Governing 14 Autonomous Agents with Three Contracts

I run 14 autonomous agent tasks: weekly distillations, daily syncs, career analysis, security audits, diagnostics, game dev loops. Each task used to be its own silo. There was no shared contract for what a task should do before it starts, how it should behave, or what it should record when it finishes.

The result was predictable: monitoring diverged from actual outputs (75% false-alarm rate, documented separately), knowledge accumulated in isolated task-specific logs rather than a shared store, and a single failed task was invisible to everything else in the system. No task could learn from another task's failures.

The fix was to stop thinking about individual tasks and start thinking about a protocol every task agrees to follow.

The Three Contracts

Every task, regardless of which platform runs it (scheduled job, interactive session, CI hook), agrees to three behaviors:

Preflight means the task checks what happened last time before doing anything. Did the previous run succeed? What was the quality score? Are there known failure patterns in the ops-fix log that affect this work? This takes about thirty seconds and prevents repeating a known mistake.

Execute is the task's actual work.

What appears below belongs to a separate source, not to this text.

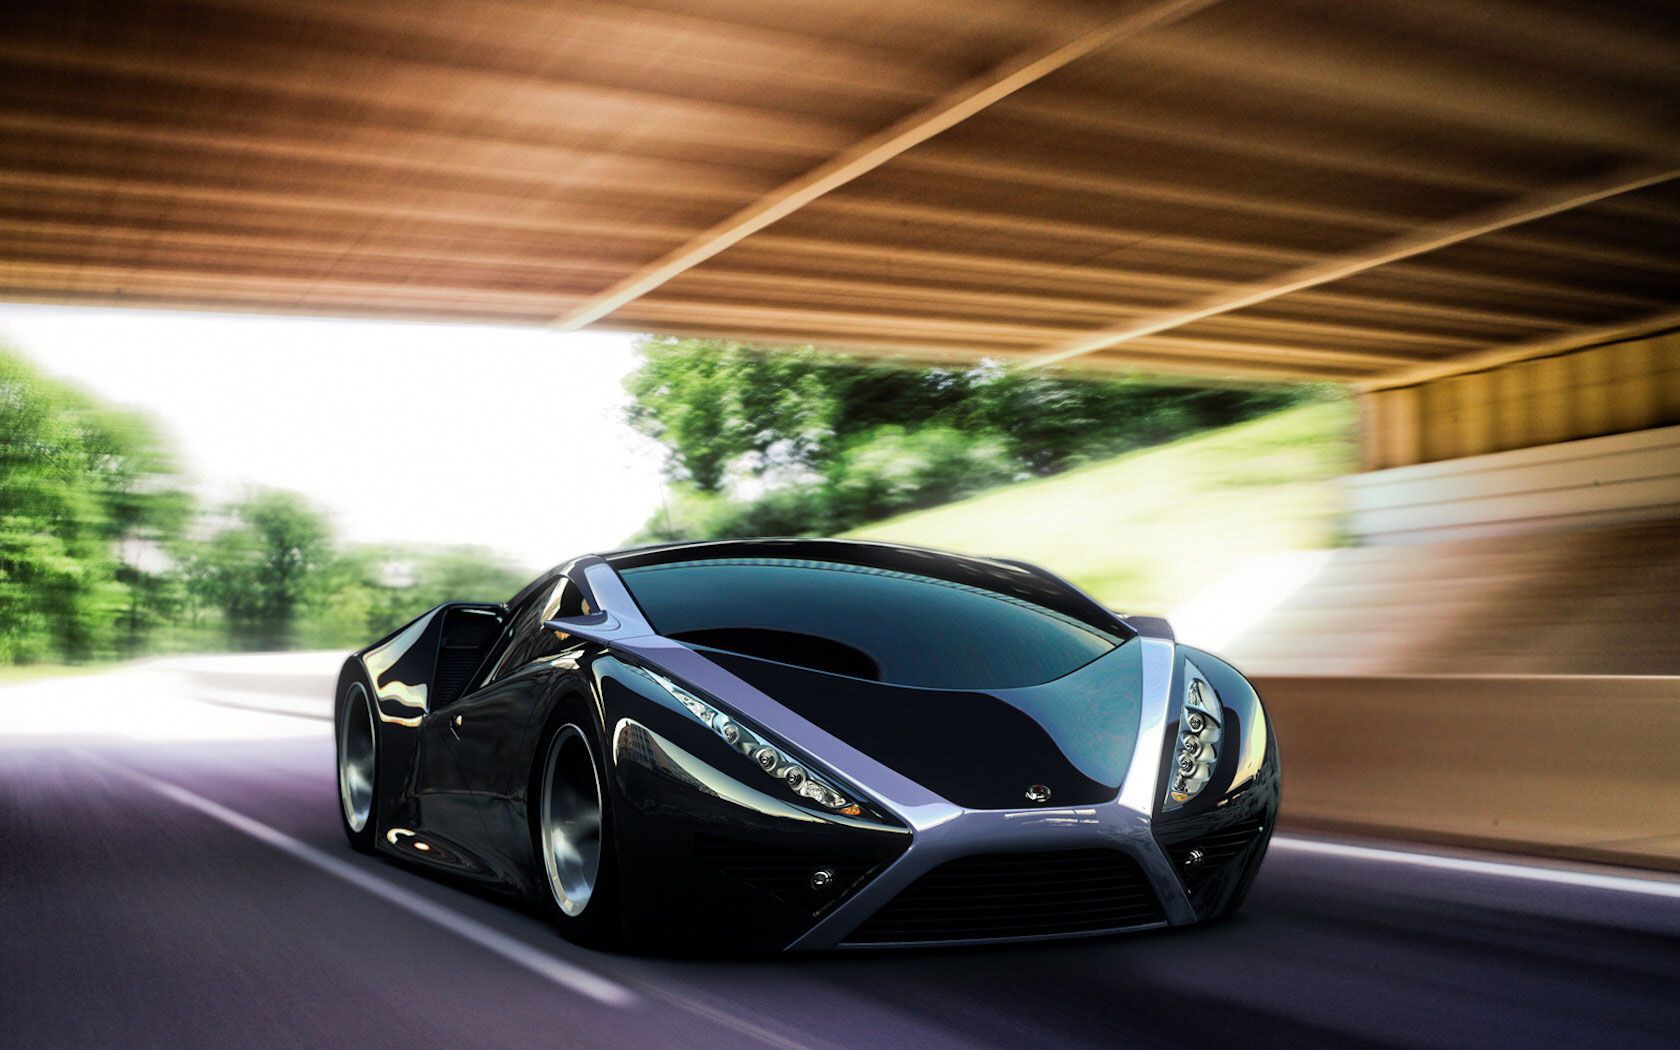 All Cars Wallpapers Tuned Car Wallpaper - Cars Backgrounds & Cars ...

The protocol says nothing about what this is — it is entirely task-specific. The only constraint is that it reads from the shared knowledge store and respects prior decisions recorded there.

Emit means the task records a structured result when it finishes. Not a free-form log entry — a structured event: task ID, quality score (1–5), output file path, one-line insight. This goes into a shared append-only log that every other task can query.

What Changes When All 14 Tasks Follow This

Before	After	Mechanism
Monitoring watched stale file paths	Emit records canonical path every run	Path drift eliminated at source
Each task re-learned the same failure	Preflight surfaces ops-fix log entries	Knowledge propagates across tasks
No visibility into task health	Quality scores accumulate over time	Declining quality → visible before failure
Silent task failures	Failed runs show 0-score in shared log	Failure is observable without polling

Platform Independence Is Not Accidental

The protocol does not care which platform executes the task. I run tasks in two environments: an interactive coding environment with filesystem access, and a cloud-based agent runtime. The same event log is written to by both. The same knowledge store is queried by both.

This was a deliberate design decision: the protocol had to work whether a task was running in a local session or a scheduled remote job. Any protocol that only worked in one environment would immediately create a split where some tasks were ecosystem citizens and others were not.

The Platform Field

Each task is registered in a routing file with a platform field: "claude-code" or "cowork". This is how meta-tasks (the diagnostics and orchestration agents) know how to invoke and monitor each other. Without this field, the meta-layer cannot distinguish between tasks that run locally and tasks that run remotely.

{
  "weekly-codex-distill": {
    "platform": "claude-code",
    "notify_companion": true,
    "payload_keys": ["file_path", "insight", "posts_published"]
  },
  "operator-health-loop": {
    "platform": "cowork",
    "notify_companion": false
  }
}

Adding this field to all 14 tasks was the final step in making the protocol complete. Before this, a meta-task analyzing the system had to guess which environment each task ran in.

What This Looks Like in Practice

I run a weekly distillation task that reads the git log, extracts technical learnings, and generates a report. Under the old system, this task ran in isolation. Under the protocol:

Preflight checks the last 3 runs: was quality consistently above 3? Did any monitoring path mismatch occur last week? (It had — the Preflight step surfaced the ops-fix entry before the task even started.)
Execute runs the distillation normally.
Emit records: quality 4/5, output path, insight "monitoring path divergence root-caused and fixed."

The diagnostics task that runs the next morning reads that Emit record and can skip re-investigating the monitoring issue because the resolution is already recorded.

What I Would Do Differently

The Emit step should have been the first thing I standardized, not the last. I added Preflight first because it felt like the highest-value step. But Preflight can only query history if history has been recorded — and without Emit, that history was sparse and inconsistent. If I were starting over, I would define the event log schema first and wire Emit into every task before adding anything else.

Evolution Log

2026-04-01 — Initial observation. Ecosystem Protocol v1.0 established after 14 tasks migrated from Cowork to Claude Code. Platform field standardized across all task registrations. Three-contract system formalized.